The following questions still remained to be answered.
1) When you state her pay was comparable, do you mean that it was equal to the previous executive editor? From a political scientist, I tell you that comparability is not the same thing as equality.
2) You mention 2013 as being a year in which Jill’s pay exceeded that of the last year’s pay of the previous editor. A couple of questions come to mind. Did the pay she received throughout her years as executive editor at the NYT equal that of Bill Keller throughout his tenure? It is quite possible (and one might suspect) that when she approached you about unequal pay, she received a jump in pay for 2013 to compensate for being underpaid in previous years. It is also possible that a single year’s increase in pay was an installment to be continued in future years to fulfill the compensation. It has also been suggested that her compensation package included stock options (perhaps tied to bonus) which could have been responsible for increasing her compensation beyond that of Bill Keller. If so, more kudos to Jill for contributing to stock value increase, although the equity part of total compensation is not stable.
3) The glaring part of the saga is that 2013 was a banner year for Jill financially, it seems, based on an equally banner job performance by objective criteria, criteria you yourself contracted with her. How can it be that after having been so handsomely rewarded in 2013, she met with such an ugly dismissal (ostensibly for her performance) in less than half a year?
4) Your statement is also incomplete because it neglects to mention how Jill was paid in her other positions at the NYT. Has she been paid less than her male peers since she joined the NYT in 1997? Reports have widely ciruclated that she was underpaid (in relation to male peers) in the positions of Washington Bureau Chief and managing editor which together she occupied for almost a decade (2000-2010). We know that salary is not the only hit women take when they are underpaid. They also find their pensions are underfunded compared to their male counterparts.
Please spare us the broad details of one year’s pay for Jill Abramson and provide us with the details of whether she was paid equally throughout her stellar career that began in 1997 at the NYT. Please also spare us negative descriptions and insinuations about her personality which might have entered into her firing. All we are interested in is whether she was paid what the guys were paid.
If indeed, you had to adjust her salary after she complained to you about pay inequality (in all probability, multiple times) and she was fired the year after, you are unable to maintain that salary had no consideration in her firing. It is also possible that salary issues figured “unconsciously” in your decision to fire her. In my field of political science, we are well aware that informal structures exist that influence the behavior of actors.

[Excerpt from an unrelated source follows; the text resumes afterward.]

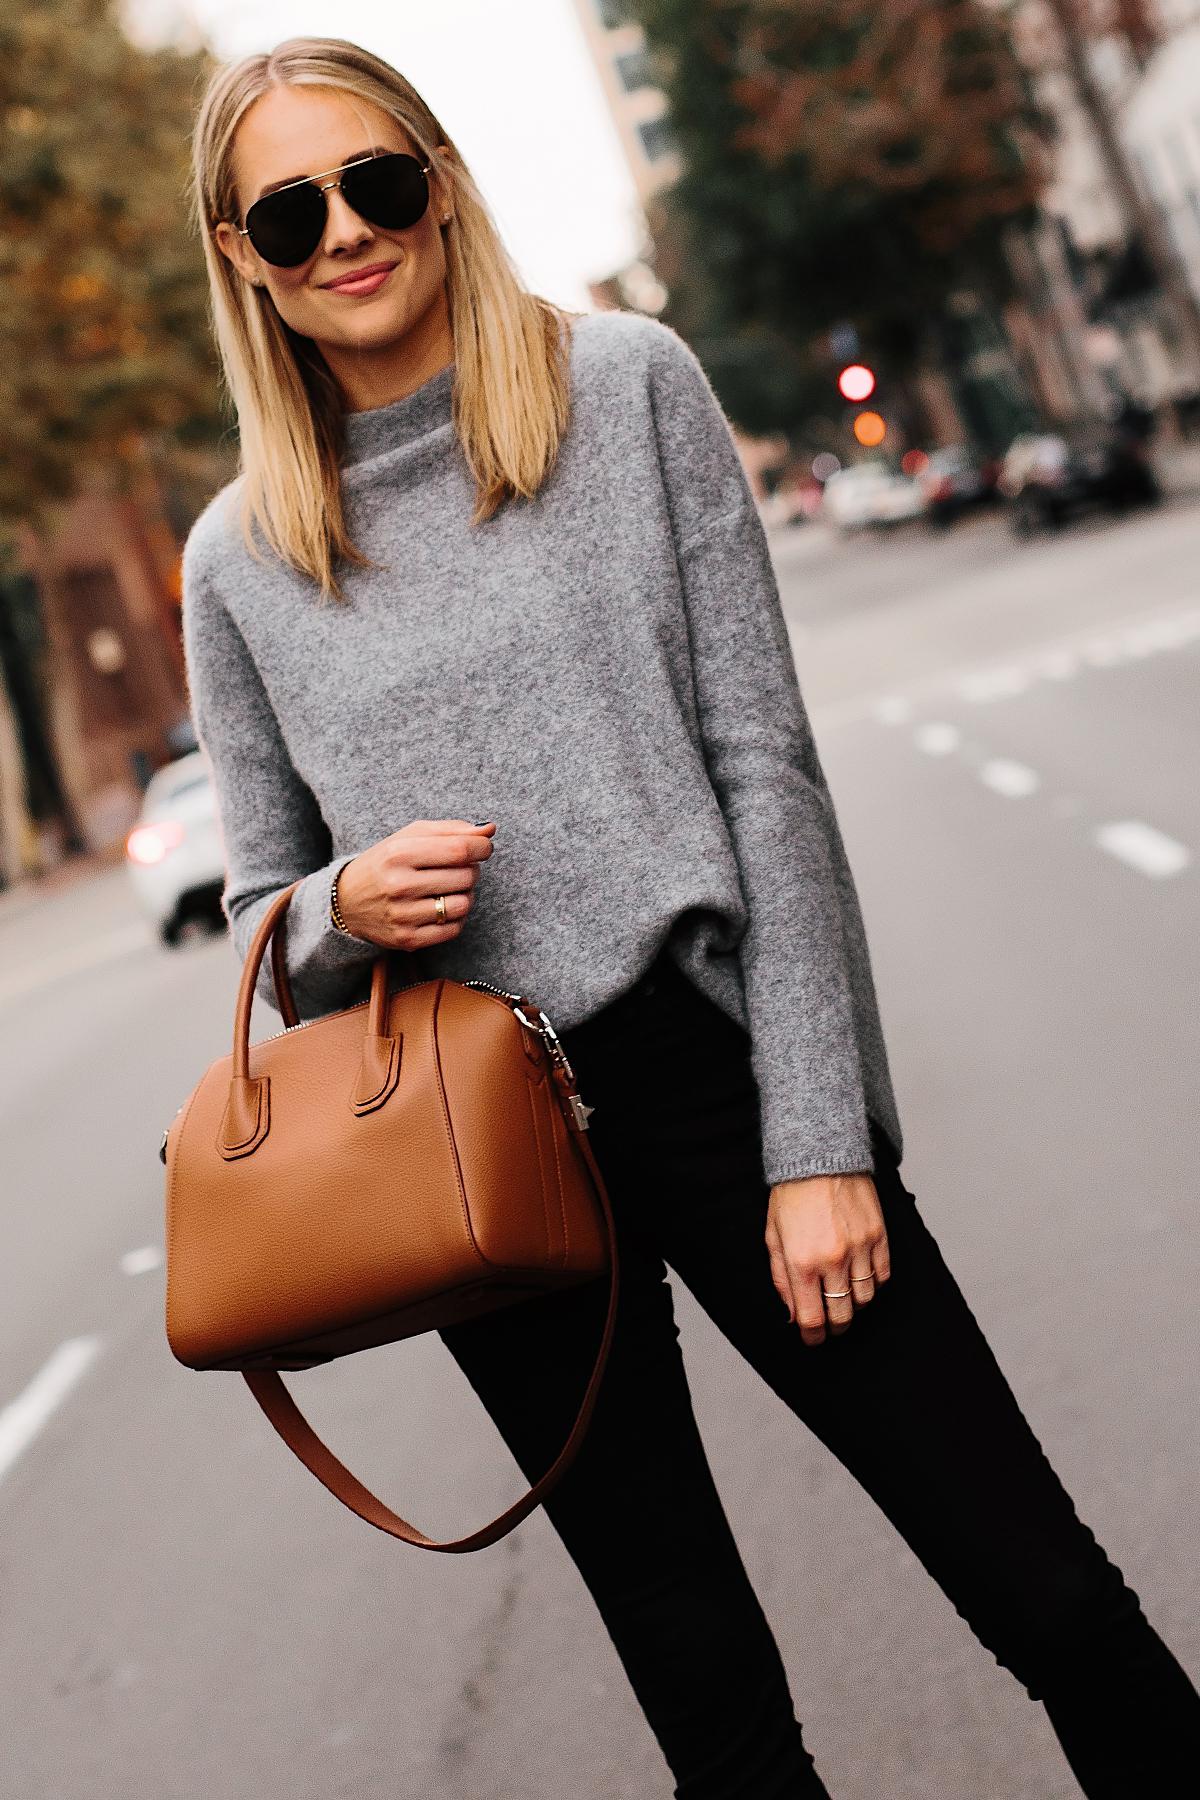 Fashion Jackson Bloomingdales Grey Cashmere Mock Neck Sweater Black Skinny Jeans Tan Satchel Handbag Aviator Sunglasses

If the culture of the NYT is such that informal structures exist that provide various barriers to the advancement of women, then it is important that you flesh out that adverse culture. The only way the truth can be known is for you in all transparency to show us either that Jill was paid equally starting from year one at the NYT, or, if that was not the case, let your readers know how you are going to address a workplace culture that impedes women in their career.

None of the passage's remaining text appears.